Connect with us

Politics

Bongino Reveals 3 Possibilities In Nancy Guthrie Case

Published

on

Former FBI Deputy Director Dan Bongino laid out three unsettling possibilities in the disappearance of Nancy Guthrie, warning that the lack of hard evidence has forced investigators to confront scenarios that grow darker by the day.

Bongino addressed the case Monday night on “Hannity,” saying the stalled investigation leaves little choice but to consider outcomes that fall outside the traditional kidnapping playbook.

“The first possibility would be, obviously, it’s a kidnapping. That was an intended kidnapping for a ransom payment…” Bongino said.

“The second possibility would be this was just a crime that went awry. Someone was at the house, maybe it was a burglary, maybe something went bad, and you’ve got some bad actors committing another crime unrelated — in other words, requesting a ransom for something you didn’t do just to take advantage of a situation like this.”

Bongino said the third option may be the most uncomfortable of all: that Guthrie’s disappearance was not a kidnapping in the conventional sense, but the result of a medical emergency or non-criminal event that was later misunderstood or mischaracterized as something more sinister.

He stressed that investigators are being boxed in by what is missing rather than what has been found.

Bongino pointed to the absence of digital and forensic indicators that typically surface early in serious abduction cases, noting that when days pass without license plate hits, cellphone data, surveillance footage or DNA evidence, it suggests one of two things.

Either the perpetrators are unusually sophisticated, he said, or “the story you’ve been told, or you may have believed may not be the story.”

While Bongino declined to rank the three scenarios by likelihood, he said each remains viable given the lack of traction in the investigation so far.

He also referenced commentary from veteran FBI Special Agent Lance Leising, agreeing that legitimate ransom kidnappings usually follow a predictable pattern that has not materialized in Guthrie’s case.

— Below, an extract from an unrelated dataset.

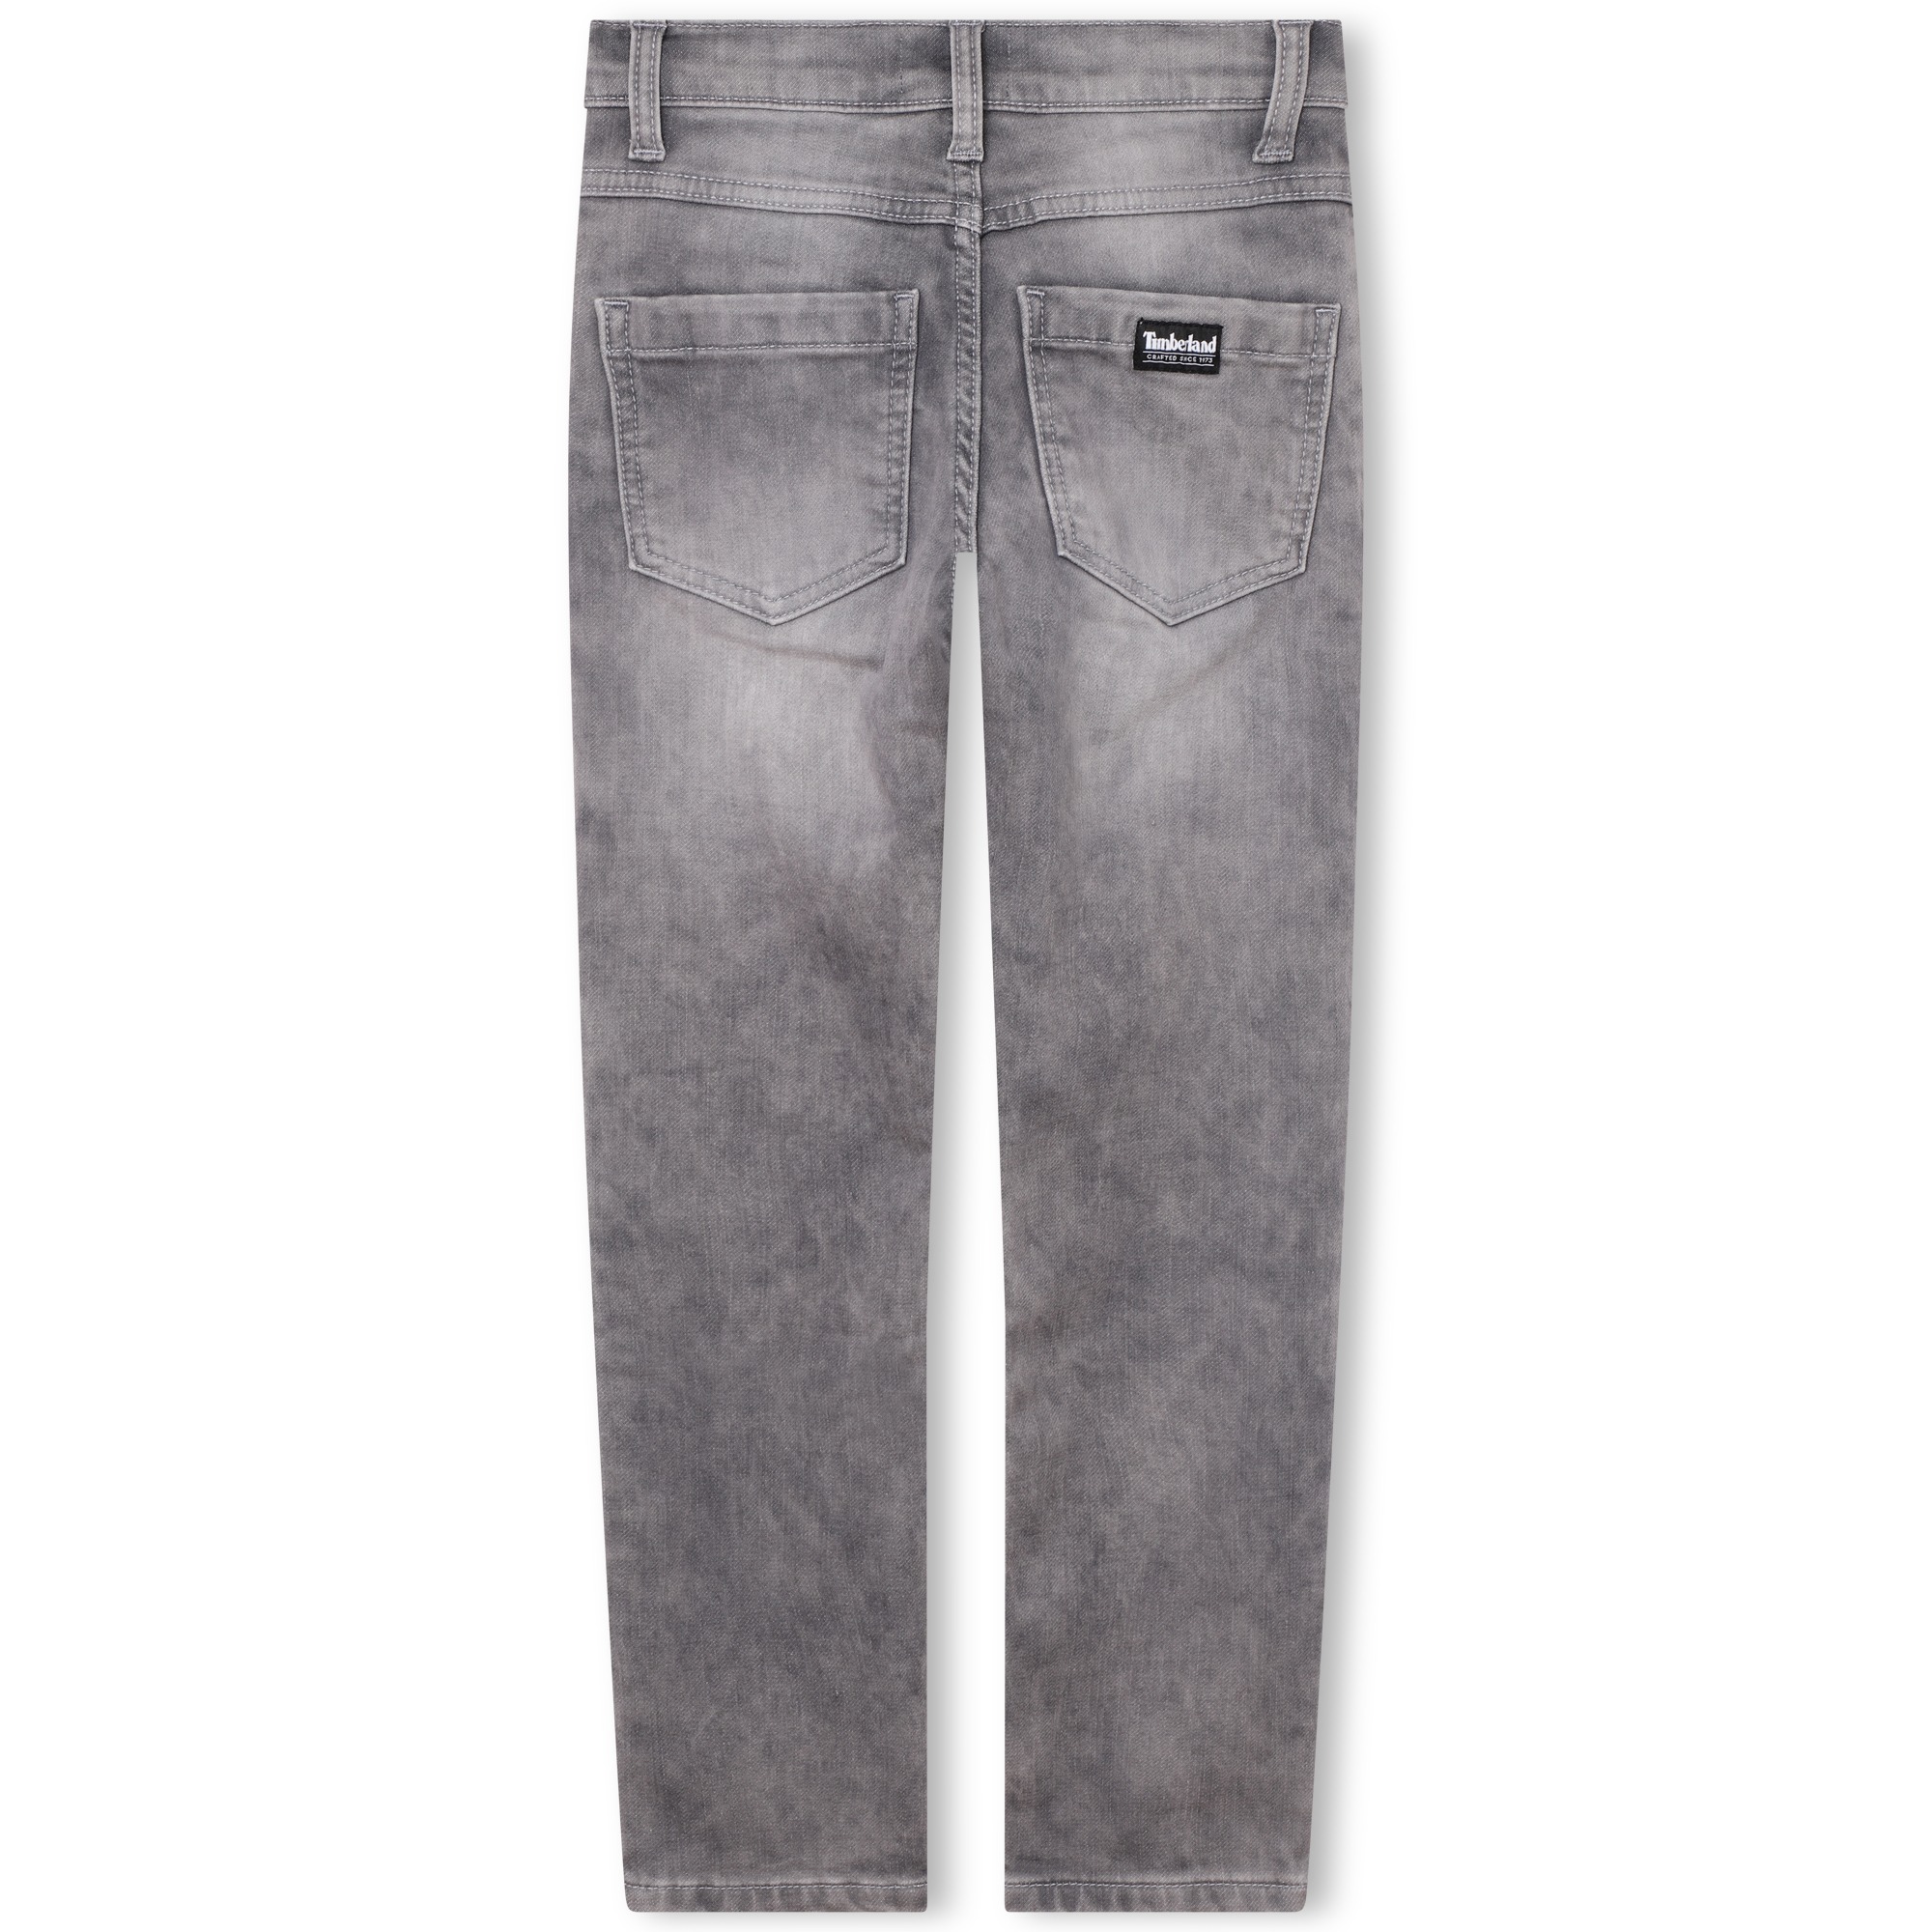 Jeans effetto consumato TIMBERLAND Per RAGAZZO

Those cases, Bongino said, typically involve fast communication, direct demands and early proof of life. None of those markers have been clearly established here.

“At this point, I think we have to consider everything outside the box, because whatever is inside the box is not really panning out right now,” Bongino said.

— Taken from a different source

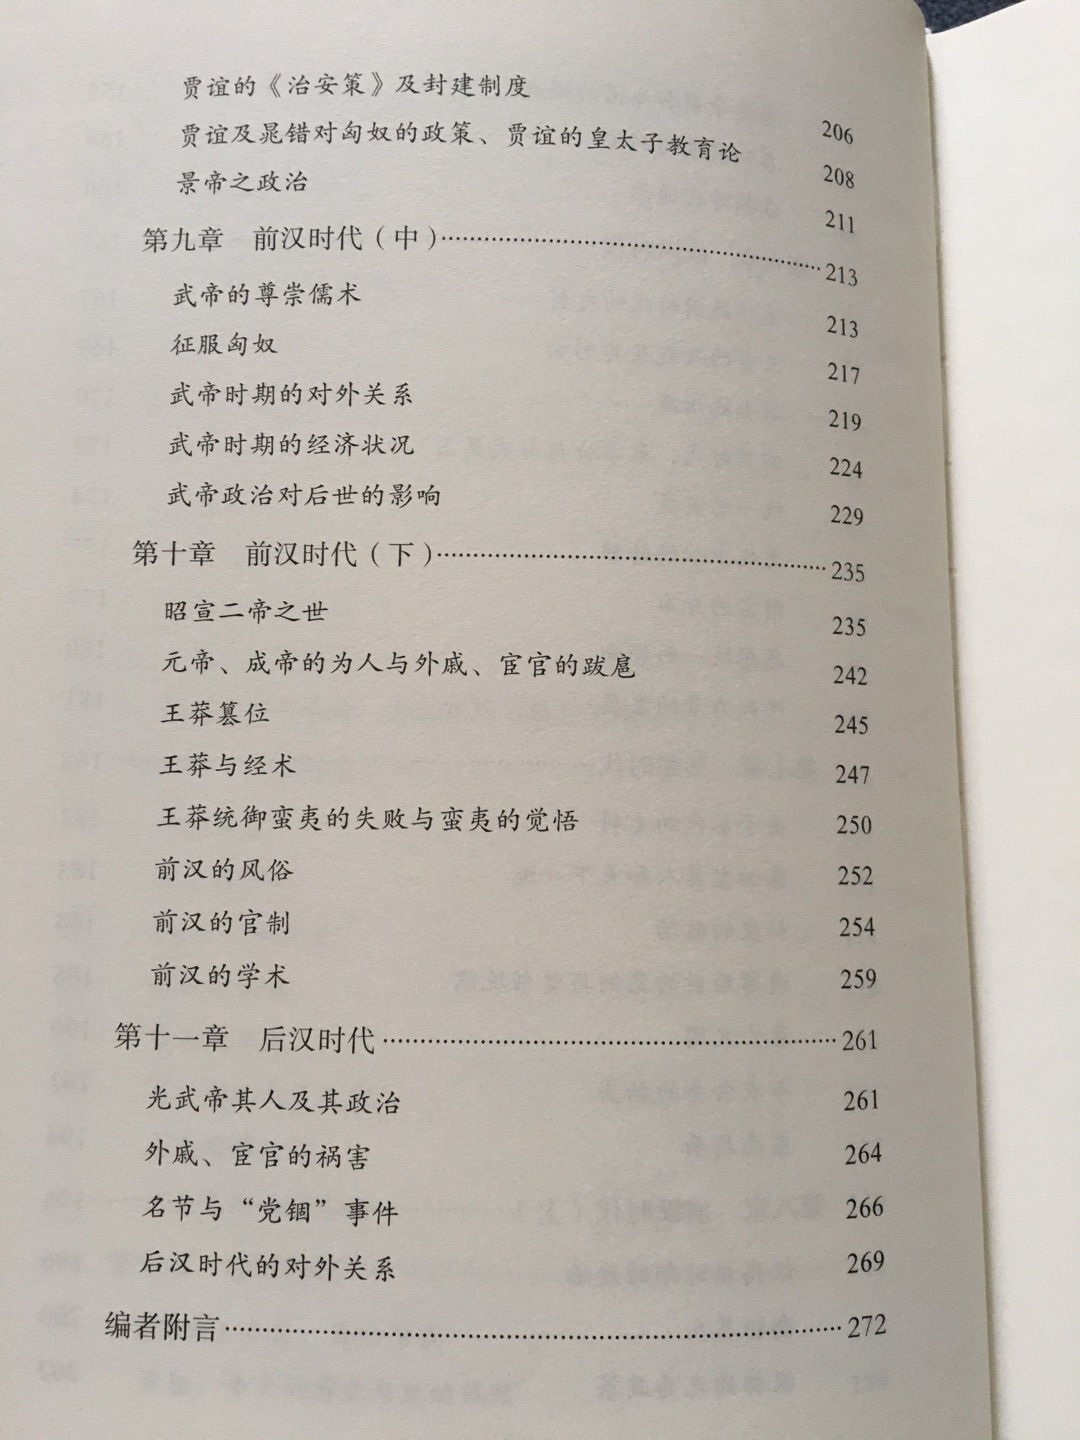 内藤湖南日本中国史大家，看过他的弟子宫崎市定的书，所以也买来拜读一下。保护壳挺硬，书本质量也不错，价格小贵。

Nancy Guthrie, the mother of NBC “Today” co-host Savannah Guthrie, disappeared from her Arizona home earlier this month. Authorities have confirmed suspicious circumstances at the residence, and the case has drawn national attention as multiple agencies, including the FBI, joined the search.

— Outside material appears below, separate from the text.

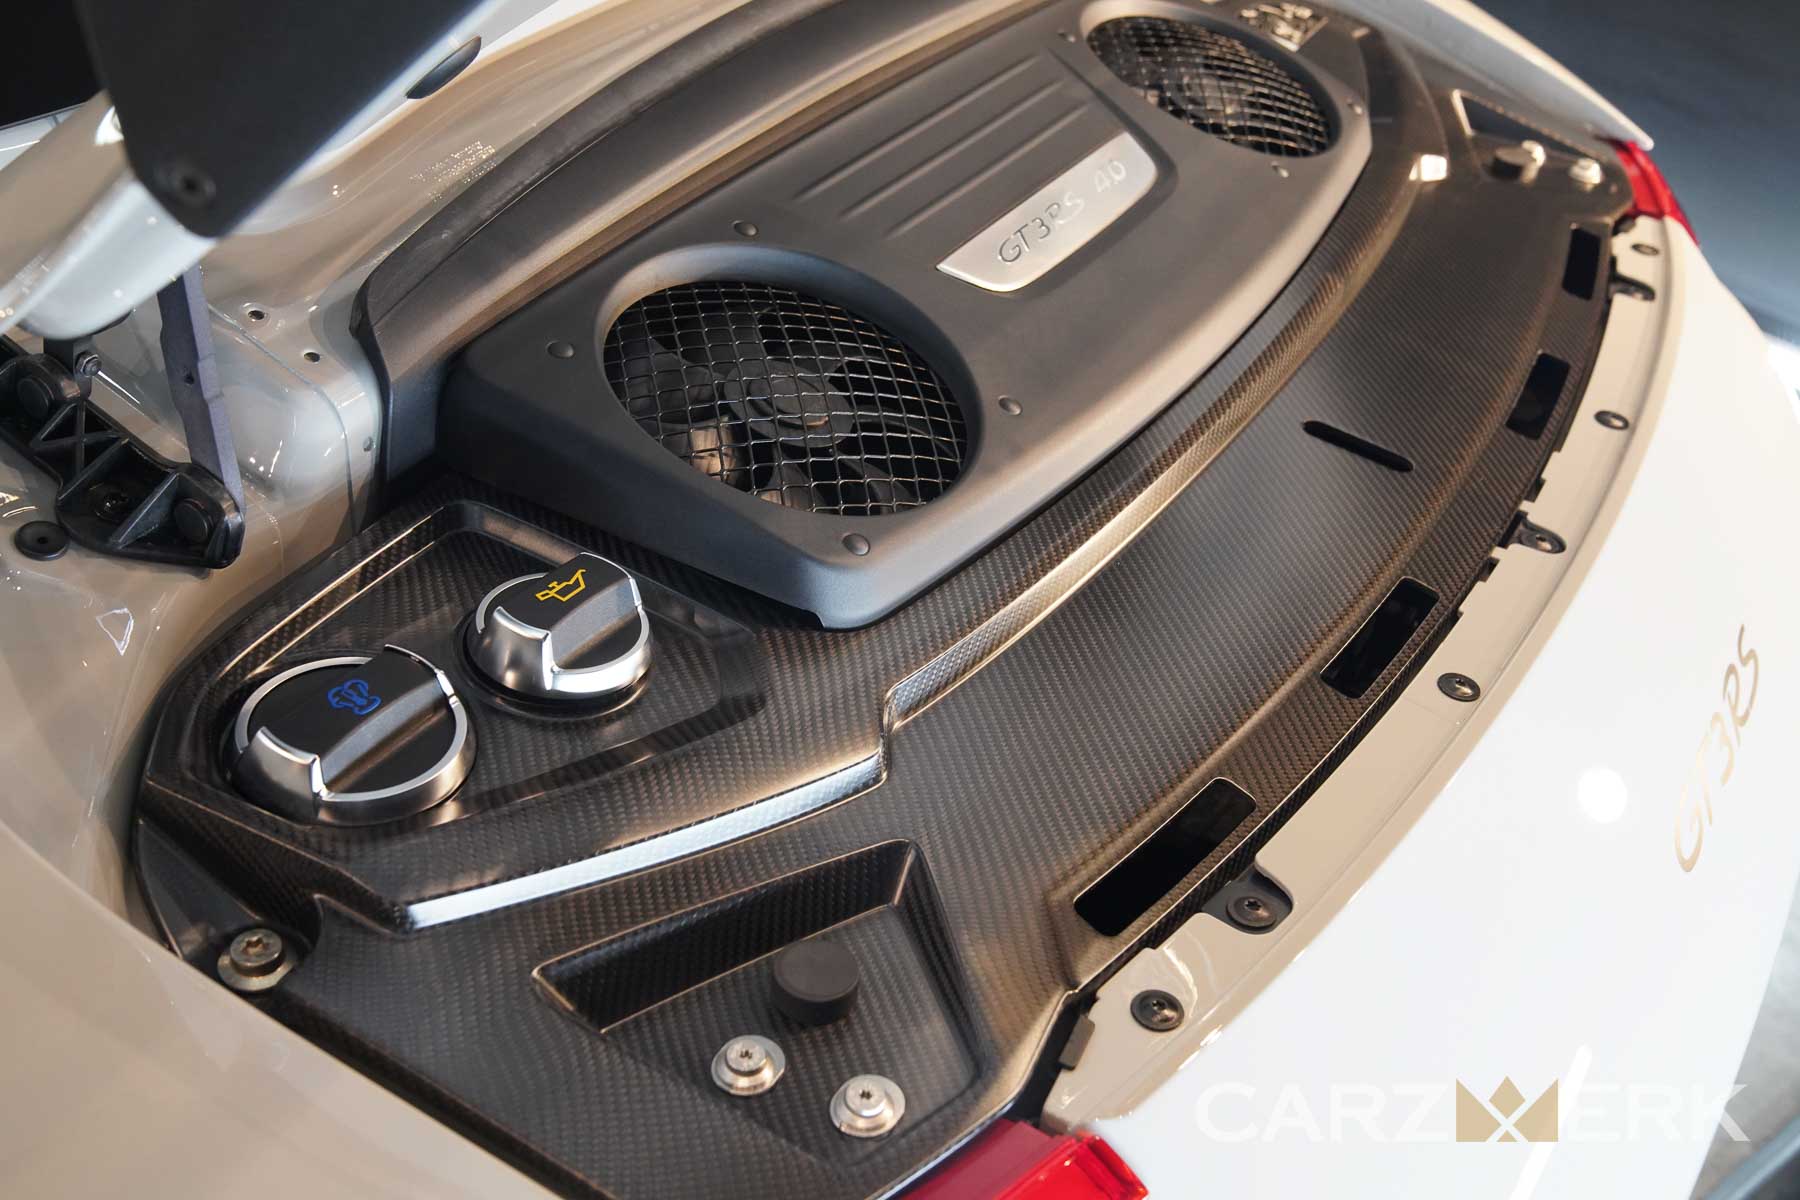 2019 Porsche GT3RS - Chalk White M9A - Engine Bay Detail

As the investigation intensified, Savannah Guthrie released an emotional public plea, describing the situation as an “hour of desperation” while urging anyone with information to come forward.

Law enforcement has been investigating an alleged ransom note tied to the disappearance, though officials have not publicly authenticated it. A deadline referenced in that note passed Monday night without any proof of life or resolution, further deepening concern around the case.

With few answers and mounting pressure, Dan Bongino said investigators are now navigating one of the most dangerous phases of any missing-person investigation, where assumptions can be as misleading as the silence itself.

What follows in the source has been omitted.